If you've ever wondered how books get onto, this is how

@Pixley Well, I'll be damned. I'd always assumed they used some kind of large-format flatbed scanner.

@flugennock nope! That's way more expensive and time-consuming, and also much worse for the books. We can do 800 pages an hour on these things, with the right kind of book!

@Pixley Makes sense; if you're trying to digitize a really old book, the last thing you want to do is open it all the way up and mash it flat onto a scanner glass.

@flugennock yep, exactly! Also, I've heard through the grapevine that IA scanners and equipment are much nicer to the books than the Google Books people are, fwiw

@craigdougscott yes, that is my job, I turn page, hit enter, turn page, hit enter, for eight hours

@rotor @craigdougscott we used to have a magnet attached to the back of the cradle so that the cameras would automatically fire when the cradle closed, but then we got new software and they stopped working, because the devs couldn't understand why anyone might want that, why wouldn't you want to push a button 3,000 times a day

@Pixley @craigdougscott

speaking as a developer, i can assure you that i fuckin LOVE pushing buttons

@Pixley @craigdougscott

if there's a switch you can wire up to a keyboard's enter key you can do that, so every time the switch trips an enter key is pressed. FACT: computers don't care if they have two keyboards plugged into them

@Pixley Ouch, that sounds repetitive. Would a foot pedal be nicer than reaching over to press the enter key?

@gbrnt no, I already use a foot pedal to lift the glass, one hand then the page and the other hits the button on the keyboard (to the left) or the keypad (right).

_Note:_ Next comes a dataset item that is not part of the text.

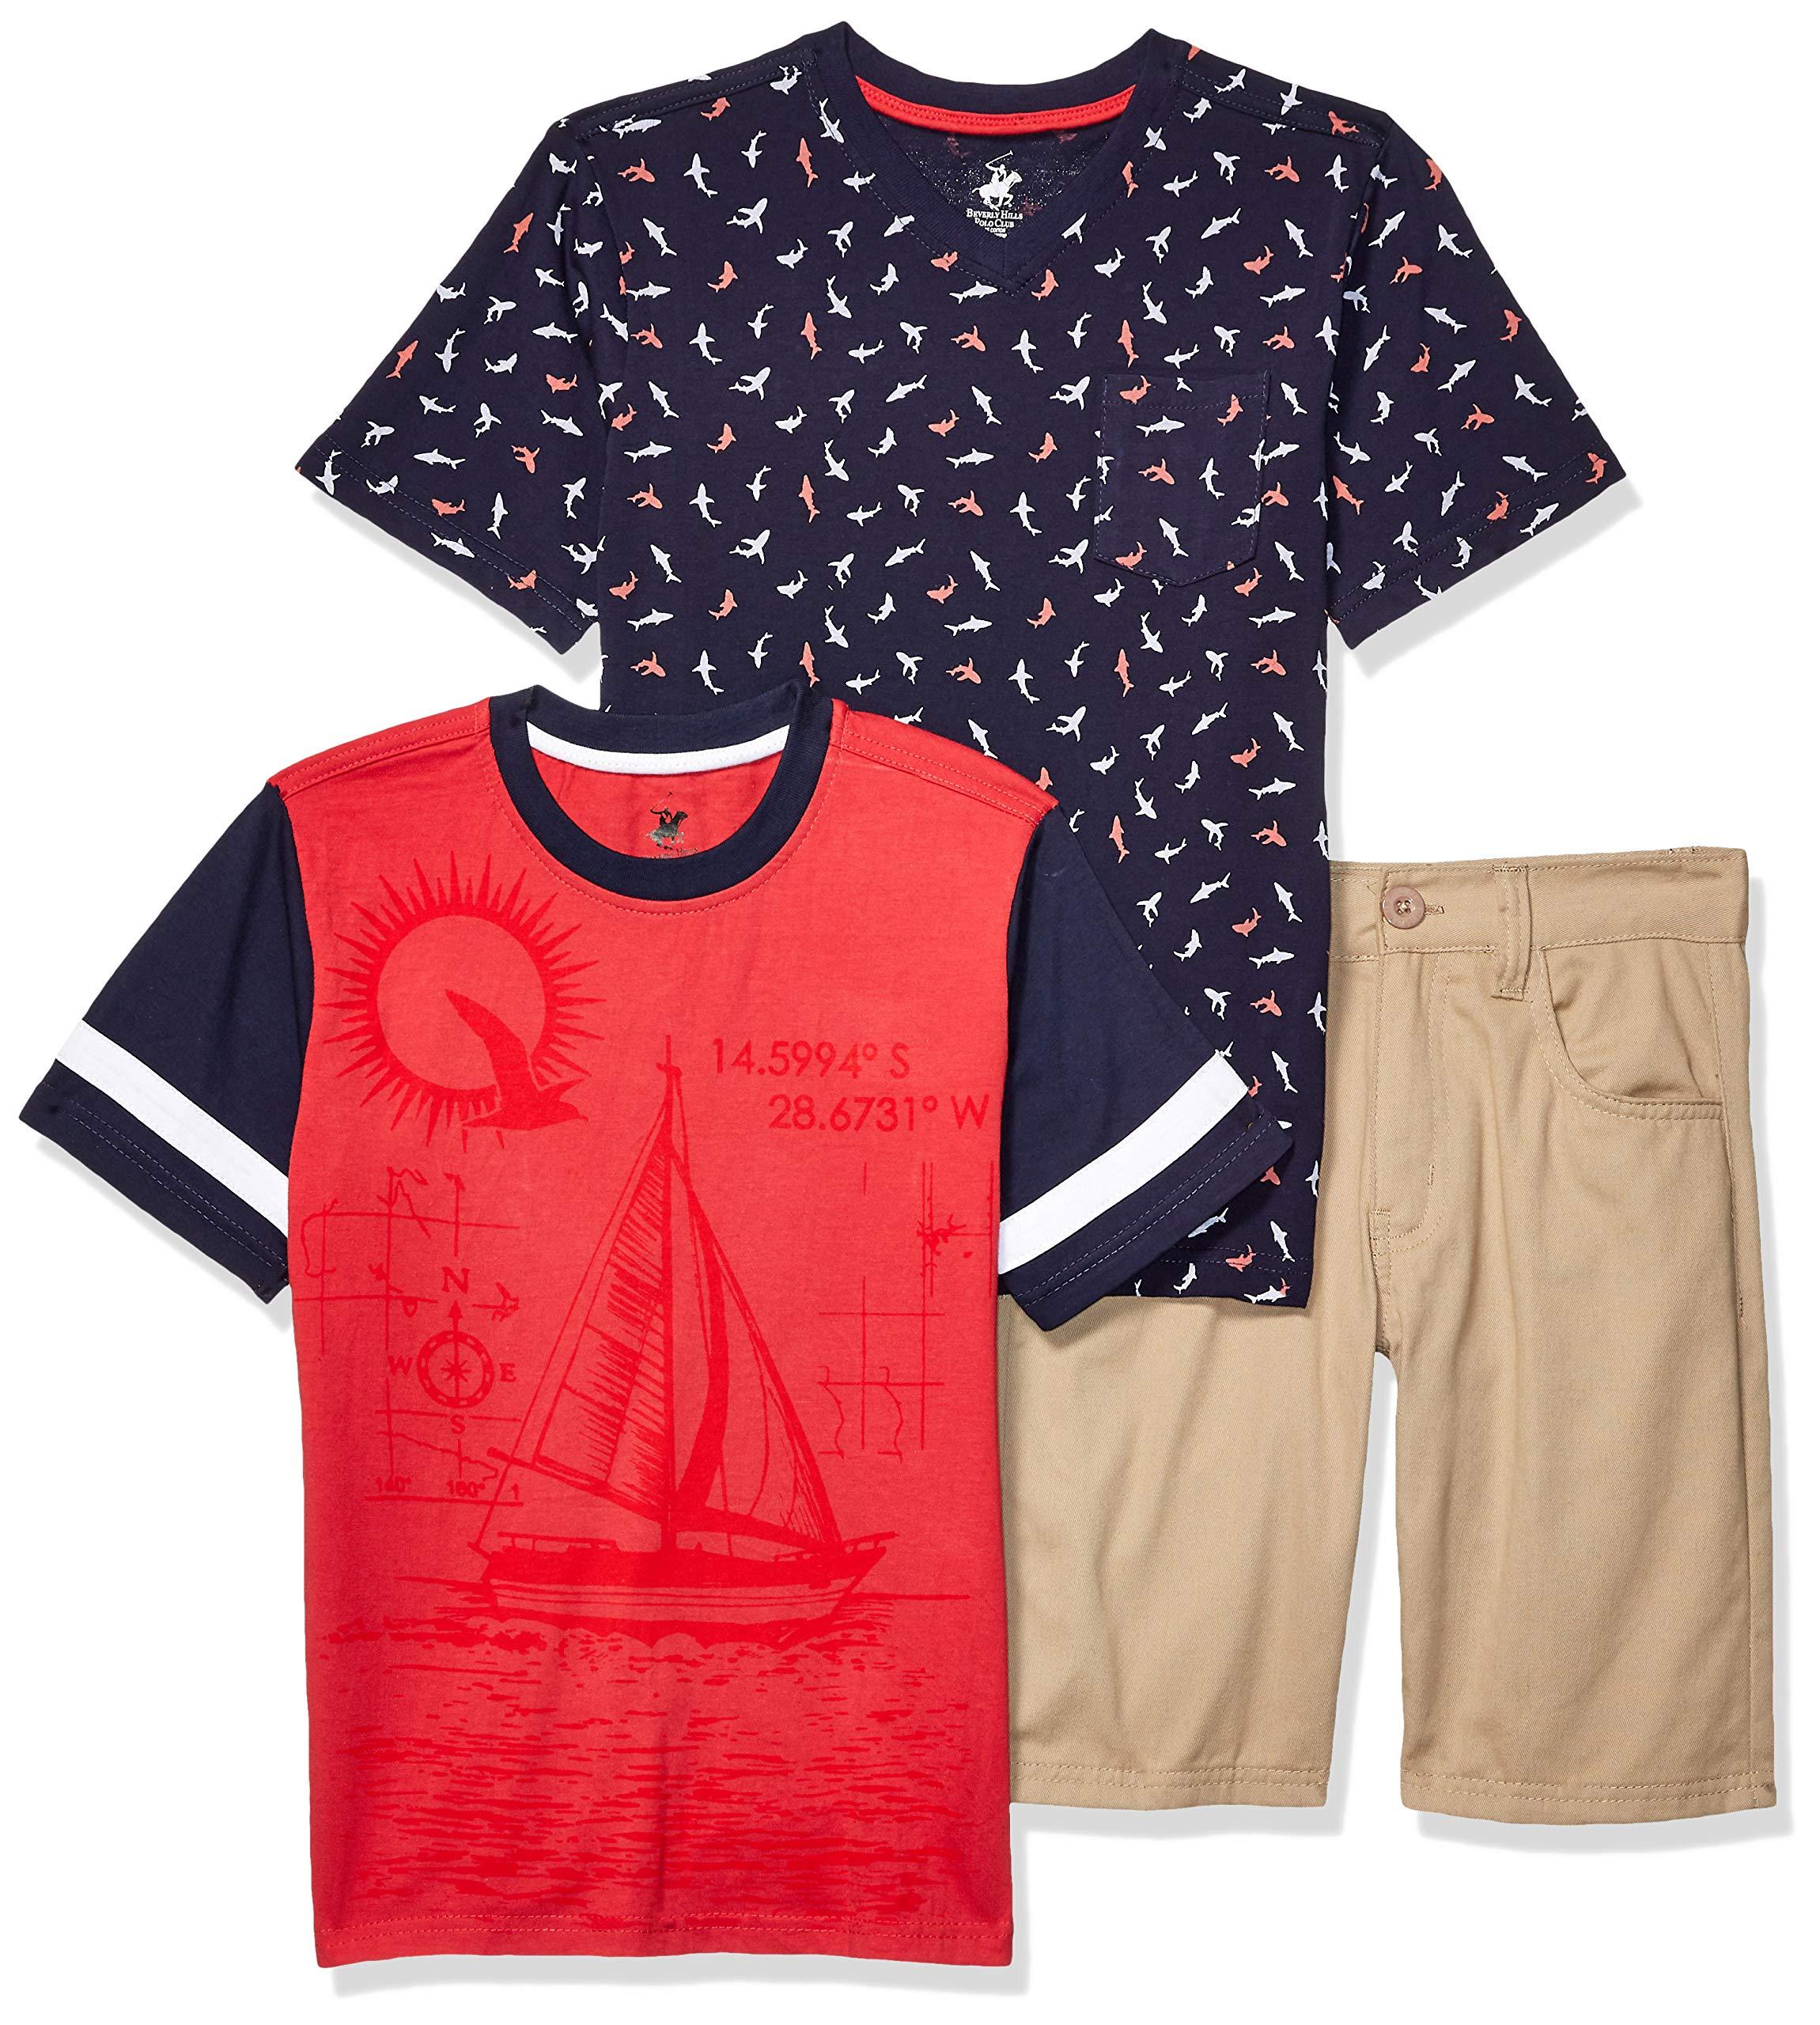 Beverly Hills Polo Club Boys' Big 3 Piece Short Set, Light red Sailboat, 8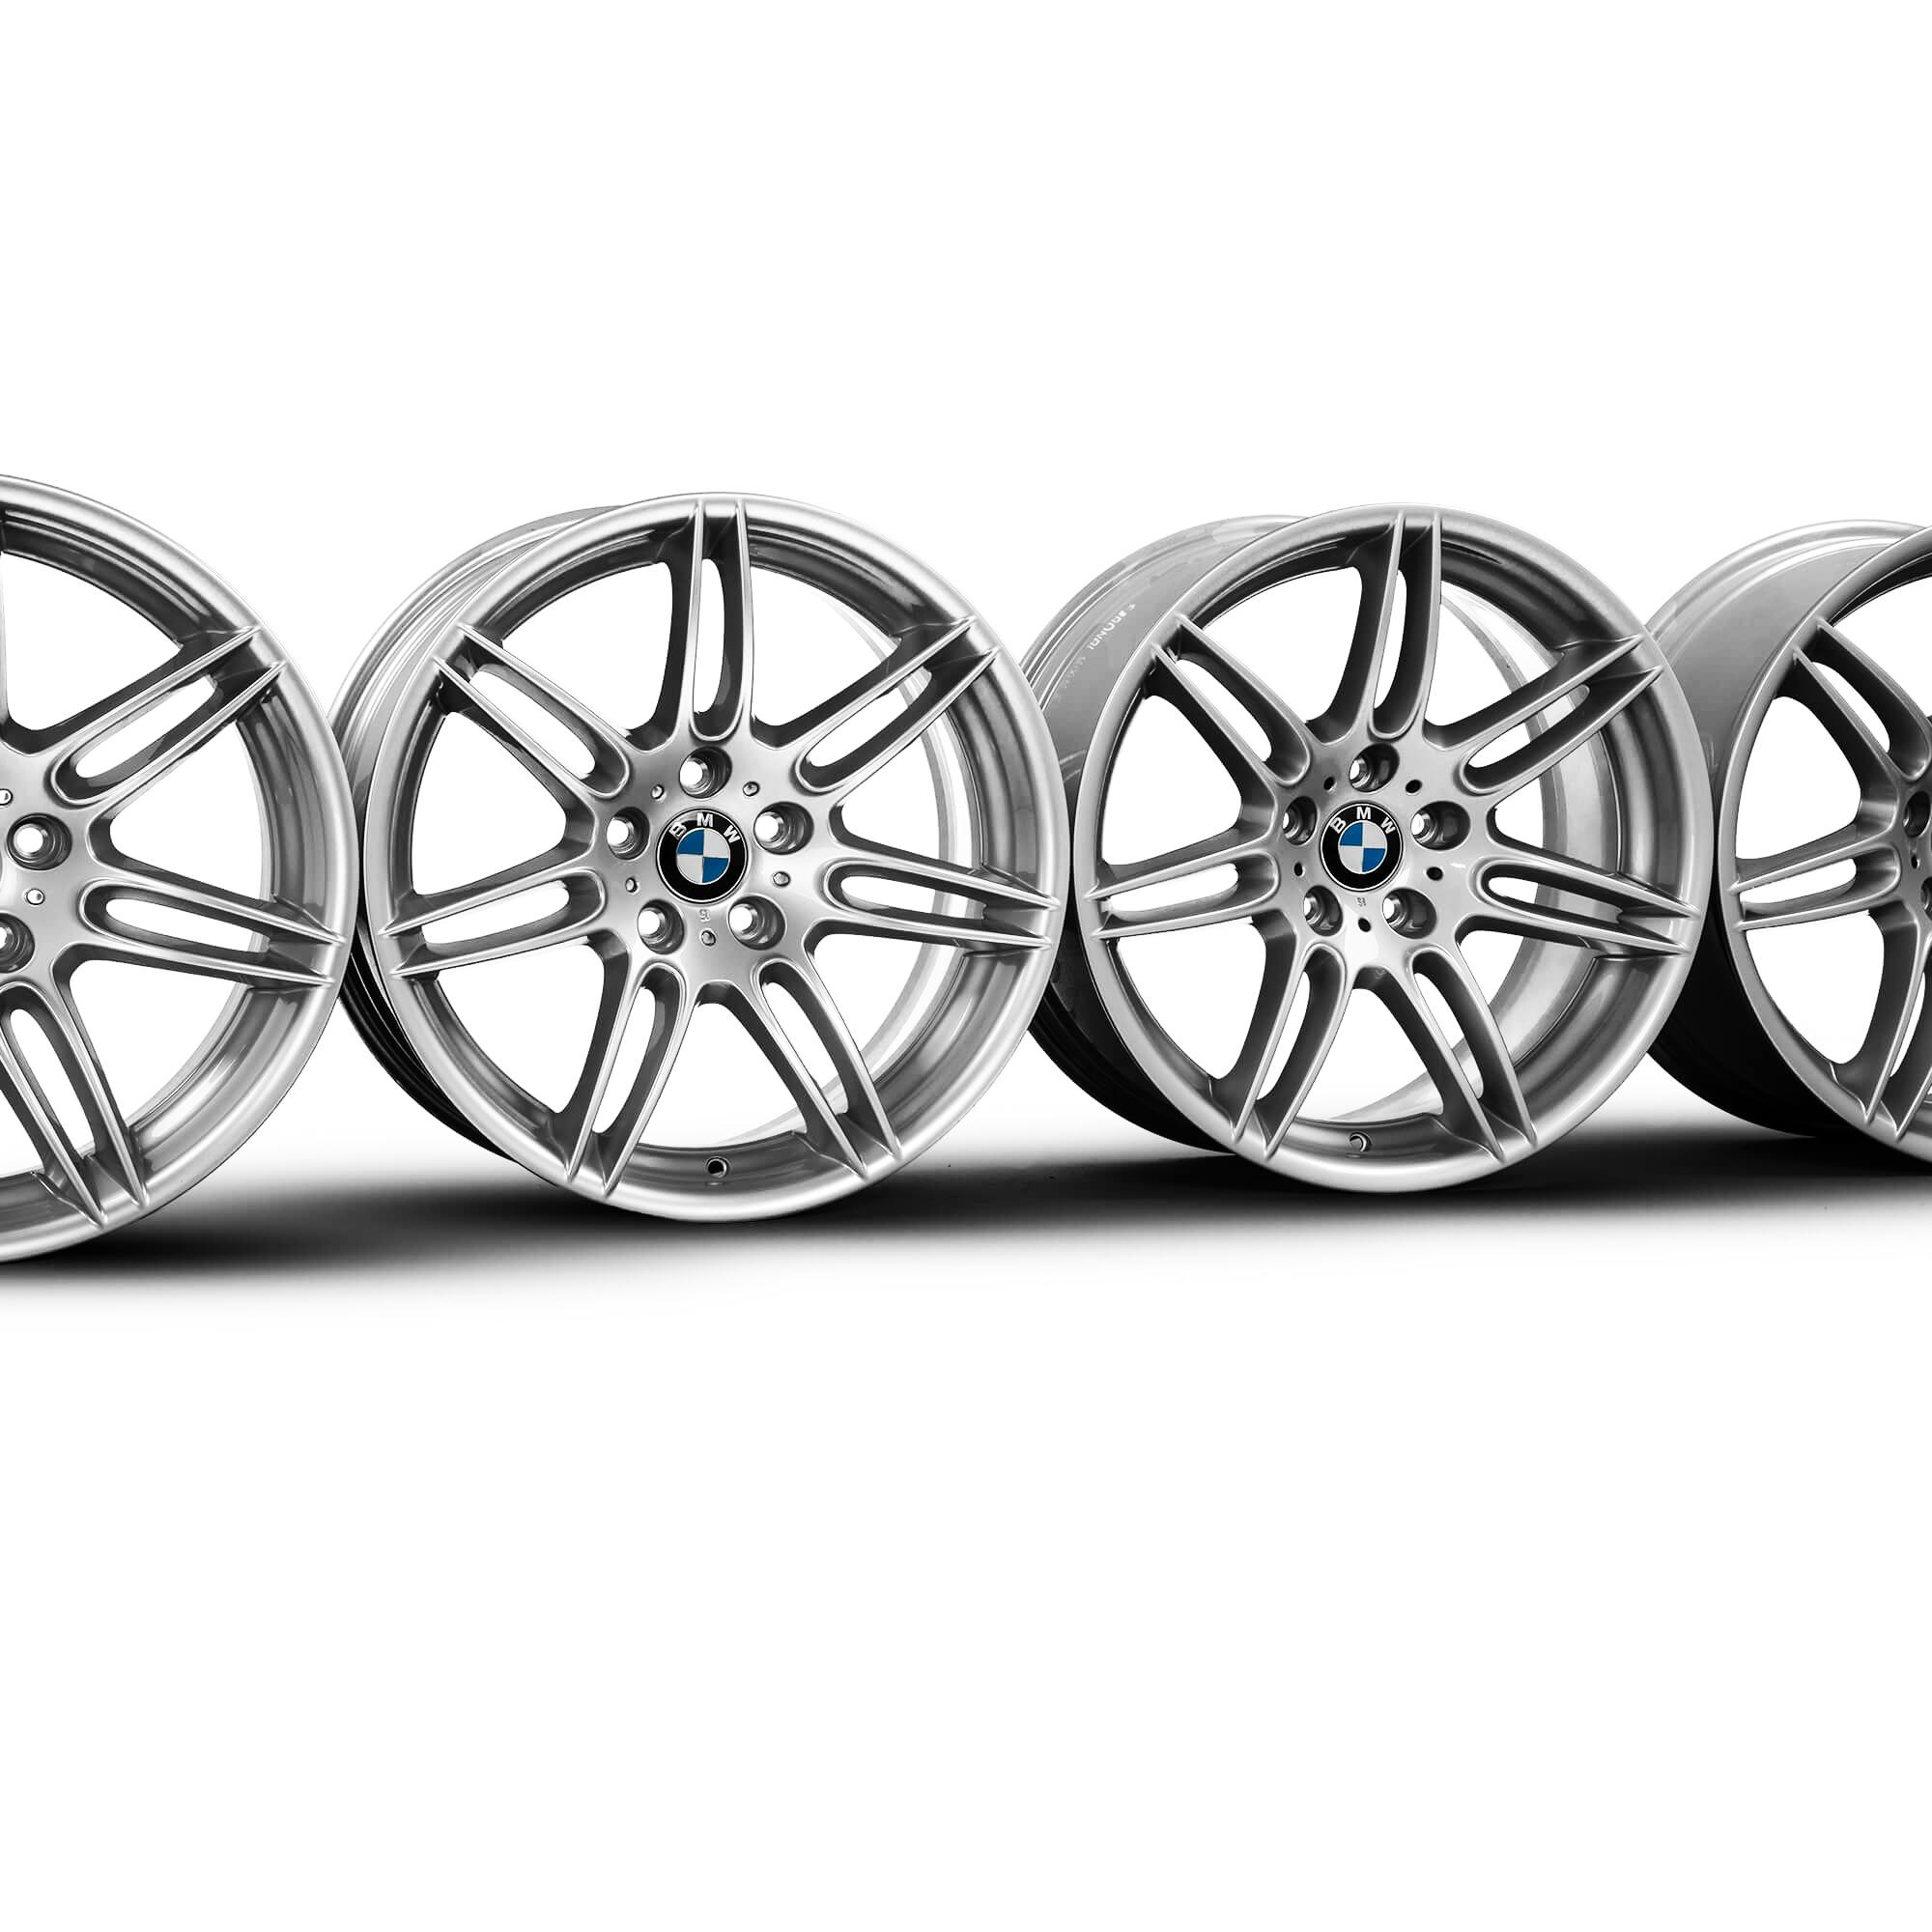 4x Bmw 19 Inch Rims 7 Series E65 Alloy Rims 7841375 7841376

There used to be a mechanism to let the cameras fire automatically when the glass lowered, but the devs killed that function because they didn't understand why it was useful (because they do not listen to us).

@Pixley Shame about the devs :( but it sounds much slicker now with those details.

@kity I wanted the photo to be as accurate as possible!

@cpb ooh that actually looks similar to the "tabletop" scribes we have, a much smaller version of my machine that we can break down and build up much easier, so we can, like, send it to a small library, scan a small collection, and then send the TTscribe along to the next library!

@Pixley there was a story somewhere about a scanner visiting a water damaged public library with their TT to do quick emergency scans of parts of their collection before it was completely lost to the water damage.

made me feel very proud of them, and made me realize the importance of scanning and mobile solutions.

@cpb along those lines, we just announced we have the largest collection of Tibetan Buddhist literature online now, which is amazing for Tibetans who have had to leave their homeland, and just for people who can't make it to a remote monastery to look at a manuscript:

@Pixley Mastodon open in a window so you can toot while you shoot?

I appreciate your work. It is meaningful and contributes to mankind.

@Pixley oh i have just read that is you who pass the pages. Amazing.
Sorry for my bad english

@Pixley aaaa this is beautiful

i've done a bit of digitizing on similar setups but never anything nearly as nice as this

@Pixley hmmm, according to you'll digitize a 478 page book for under $30? assuming a single pair of pages is one image, at $0.12 / image? :breadthink:

@hmaon well, sort of, that's for library partners, not a person off the street who wants one item digitized, I don't really know how you would go about getting one specific item digitized, other than asking a university or library close to you to do it

@Pixley Oh, interesting. I guess I do have a librarian in the family, I should ask her about it.

FWIW, the book is the very 1978 edition pictured. It's a Soviet book for young radio nerds, from the vacuum tube era.

Actually it also looks like some unknown party has digitized a newer edition, badly, with a flatbed scanner here:

@rstockm @pixley Intriguing! Are those things suitable for antique books? And how much do they cost?

@mararm @Pixley it depends. They operate contact-free via air-pressure. Which is good for antique books. But you‘ll want to preselect your volumes in according how easyly you can turn the pages. It sells for 25 grand.

@johnrandom no, if it was the future a robot would be turning the pages instead of me

@sky yeah, we just got the NUCs in like... January? They're nice! So tiny!

@Pixley Old and new! Can the scanners turn the pages themselves yet? That was Too Hard last time I knew.

@Pixley You're turning the pages? You are the fine fingers of futurity!

How come the glass doesn't cause reflections?

@waweic the light boxes are strapped to the front and back of the scribe, and have diffusers on them, so you only see reflections if the book being scanned is very close to the edge of the glass.